The people of the Maghreb and the Sahara speak various dialects of Berber and Arabic and almost exclusively follow Islam. The Arabic and  Berber groups of languages are distantly related, both being members of the Afro-Asiatic family. The Sahara dialects are notably more conservative than those of coastal cities (see Tuareg languages). Over the years,
Berber peoples have been influenced by other cultures with which they came in contact: Nubians, Greeks, Phoenicians, Egyptians, Romans, Vandals, Arabs, and lately Europeans. The cultures of the Maghreb and the Sahara therefore combine indigenous Berber, Arab and elements from neighboring parts of Africa and beyond. In the Sahara, the distinction between sedentary oasis inhabitants and nomadic Bedouin and Tuareg is particularly marked.

The diverse peoples of the Sahara are usually categorized along ethno-linguistic lines. In the Maghreb, where Arab and Berber identities are often integrated, these lines can be blurred. Some Berber-speaking North Africans may identify as "Arab" depending on the social and political circumstances, although substantial numbers of Berbers (or Imazighen) have retained a distinct cultural identity which in the 20th century has been expressed as a clear ethnic identification with Berber history and language. Arabic-speaking Northwest Africans, regardless of ethnic background, often identify with Arab history and culture and may share a common vision with other Arabs. This, however, may or may not exclude pride in and identification with Berber and/or other parts of their heritage. Berber political and cultural activists for their part, often referred to as Berberists, may view all Northwest Africans as principally Berber, whether they are primarily Berber- or Arabic-speaking (see also Arabized Berber).

The Nile Valley through northern Sudan traces its origins to the ancient civilizations of Egypt and Kush. The Egyptians over the centuries have shifted their language from Egyptian to modern Egyptian Arabic, while retaining a sense of national identity that has historically set them apart from other people in the region. Most Egyptians are Sunni Muslim and a significant minority adheres to Coptic Christianity. In Nubia, straddling Egypt and Sudan, a significant population retains the ancient Nubian language but has adopted Islam. The northern part of the Sudan is home to a largely Arab Muslim population, but further down the Nile Valley, the largely non-Muslim Nilotic and Nuba peoples begin.

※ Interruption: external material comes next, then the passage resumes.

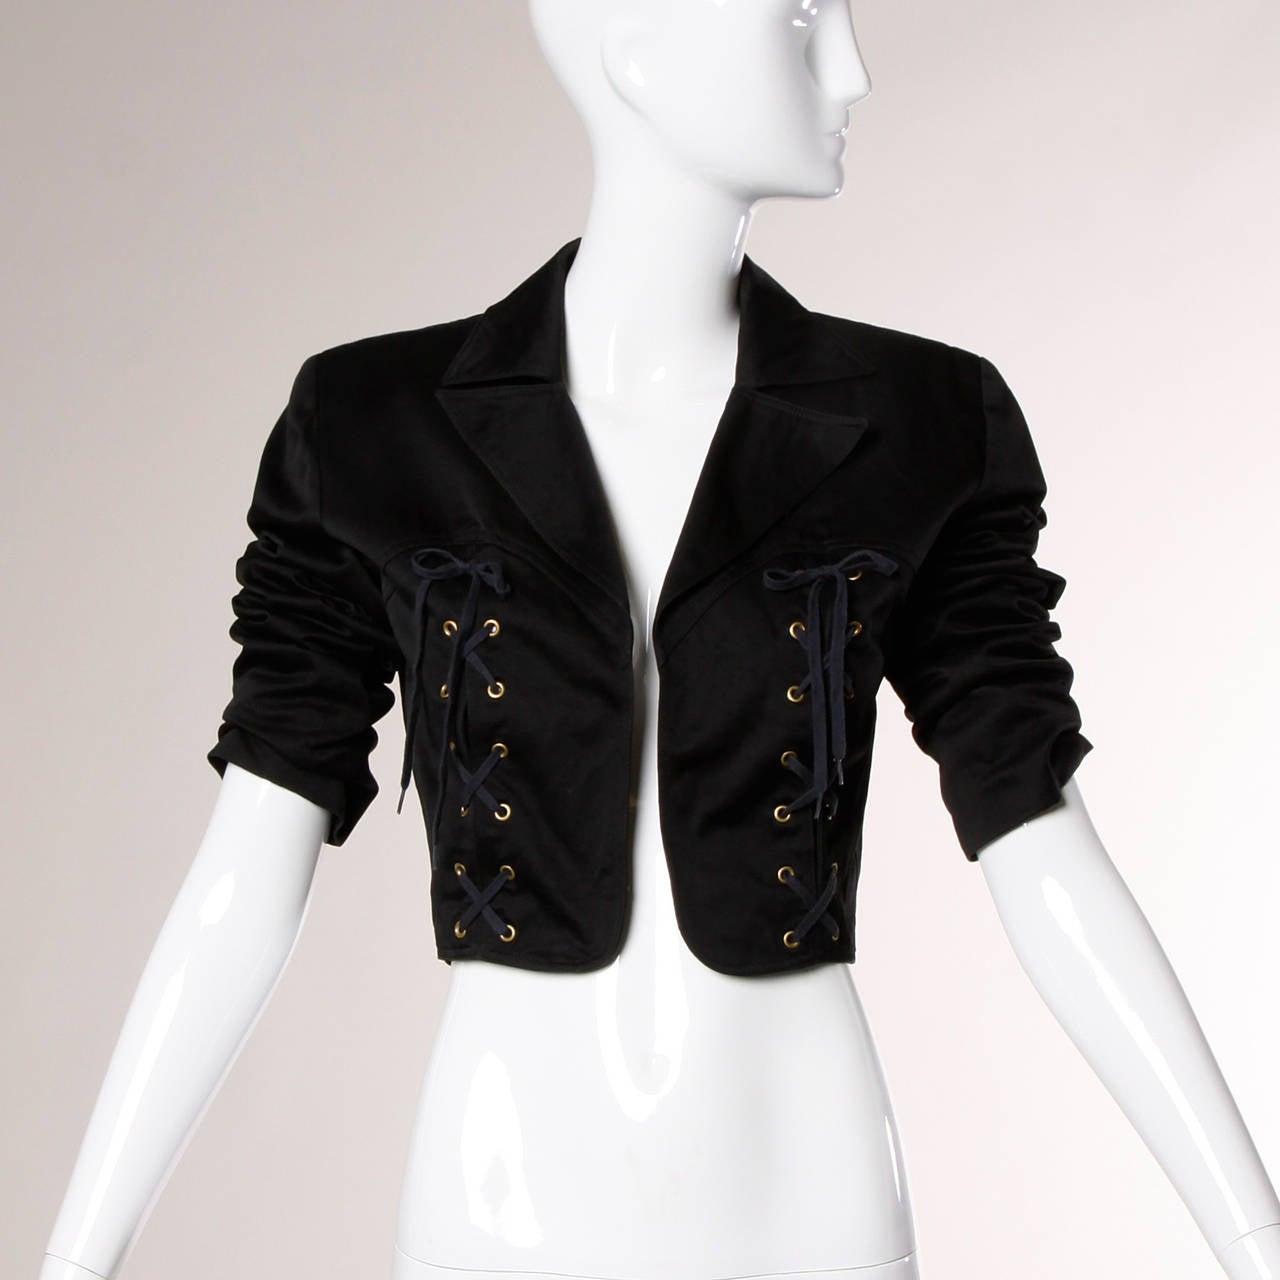 Patrick Kelly Vintage Black Lace Up Grommet Jacket 7
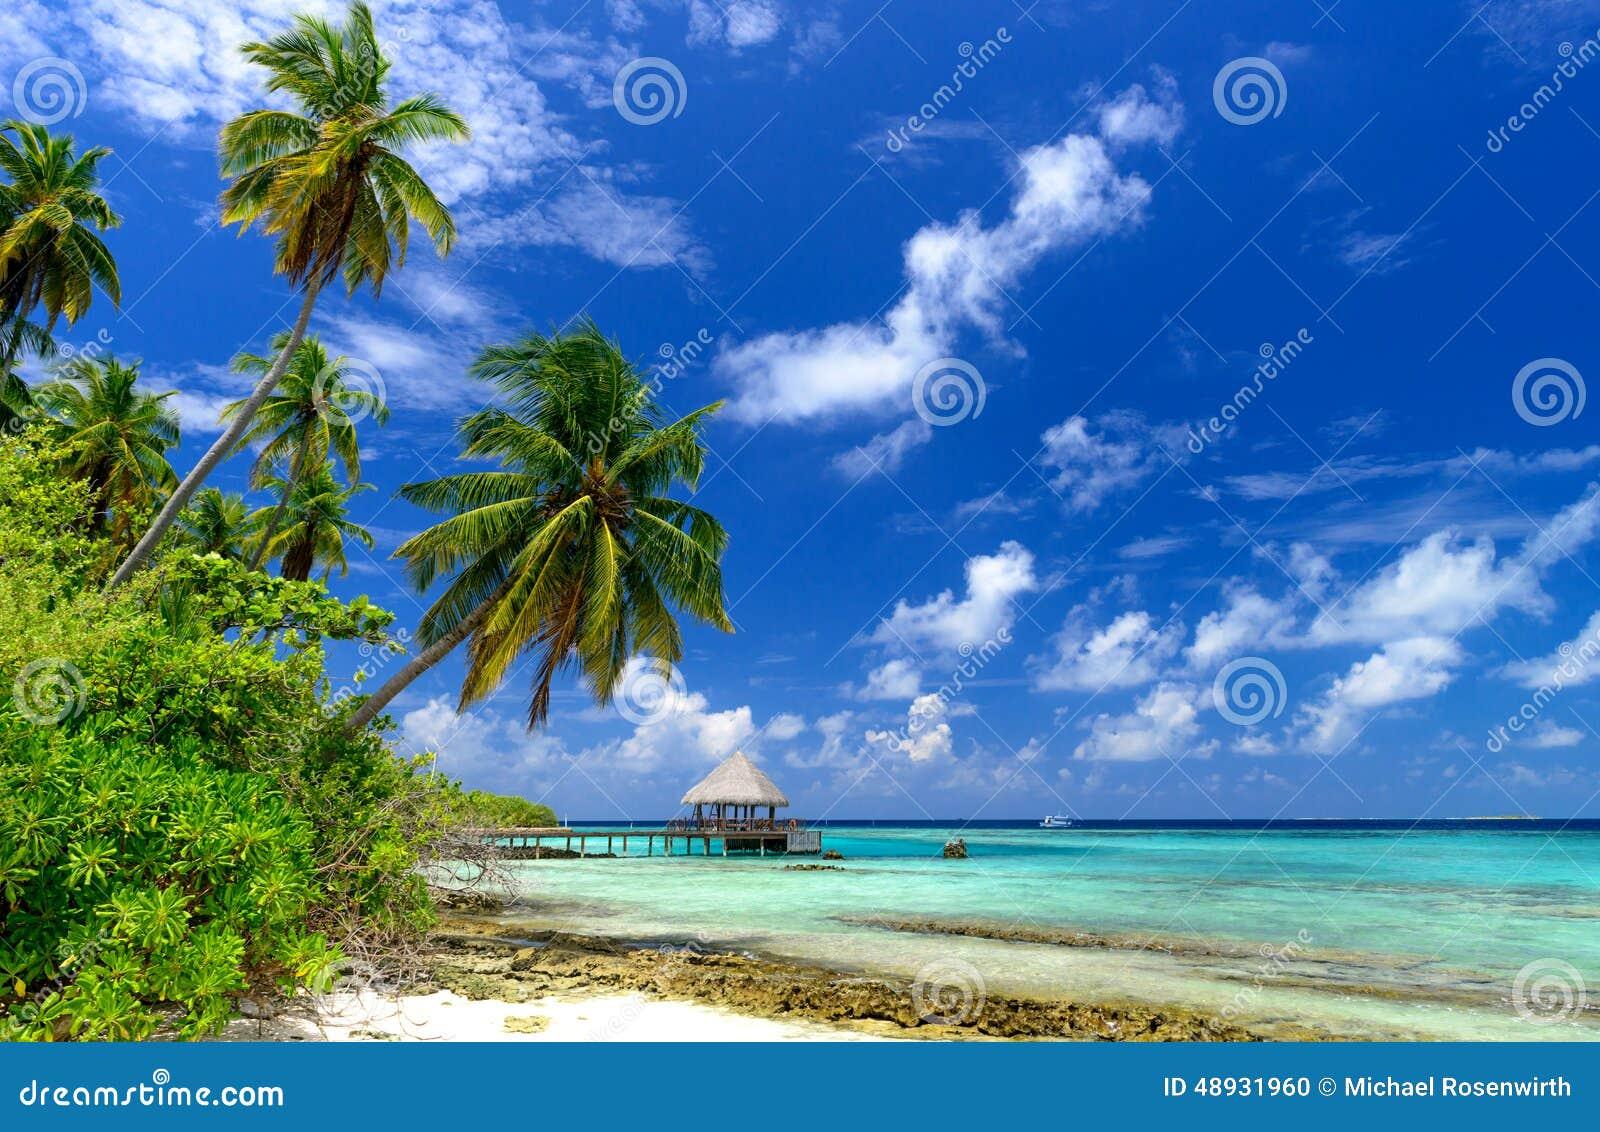 Tropical Island Beach Scenery: Tropical Beach Scenery Stock Photo

North Africa formerly had a large Jewish population, almost all of whom emigrated to France or Israel when the North African nations gained independence. A smaller number went to Canada.  Prior to the modern establishment of Israel, there were about 600,000-700,000 Jews in Northern Africa, including both Sfardīm (refugees from France, Spain and Portugal from the Renaissance era) as well as indigenous Mizrāḥîm. Today, fewer than fifteen thousand remain in the region—almost all in Morocco and Tunisia—and are mostly part of a French speaking urban elite. (See Jewish exodus from Arab lands.)

Algeria

Modern Algerian literature, split between Arabic and French, has been strongly influenced by the country's recent history. Famous novelists of the 20th century include Mohammed Dib, Albert Camus, and Kateb Yacine, while Assia Djebar is widely translated. Important novelists of the 1980s included Rachid Mimouni, later vice-president of Amnesty International, and Tahar Djaout, murdered by an Islamist group in 1993 for his secularist views. As early as Roman times, Apuleius, in M'Daourouch, was native to what would become Algeria.

In philosophy and the humanities, Malek Bennabi and Frantz Fanon are noted for their thoughts on decolonization, while Augustine of Hippo was born in Tagaste (about 60 miles from the present day city of Annaba), and Ibn Khaldun, though born in Tunis, wrote the Muqaddima while staying in Algeria.

Algerian culture has been strongly influenced by Islam, the main religion. The works of the Sanusi family in pre-colonial times, and of Emir Abdelkader and Sheikh Ben Badis in colonial times, are widely noted.

The Algerian musical genre best known abroad is raï, a pop-flavored, opinionated take on folk music, featuring international stars such as Khaled and Cheb Mami. However, in Algeria itself the older, highly verbal chaabi style remains more popular, with such stars as El Hadj El Anka or Dahmane El Harrachi, while the tuneful melodies of Kabyle music, exemplified by Idir, Ait Menguellet, or Lounès Matoub, have a wide audience. For more classical tastes, Andalusi music, brought from Al-Andalus by Morisco refugees, is preserved in many older coastal towns.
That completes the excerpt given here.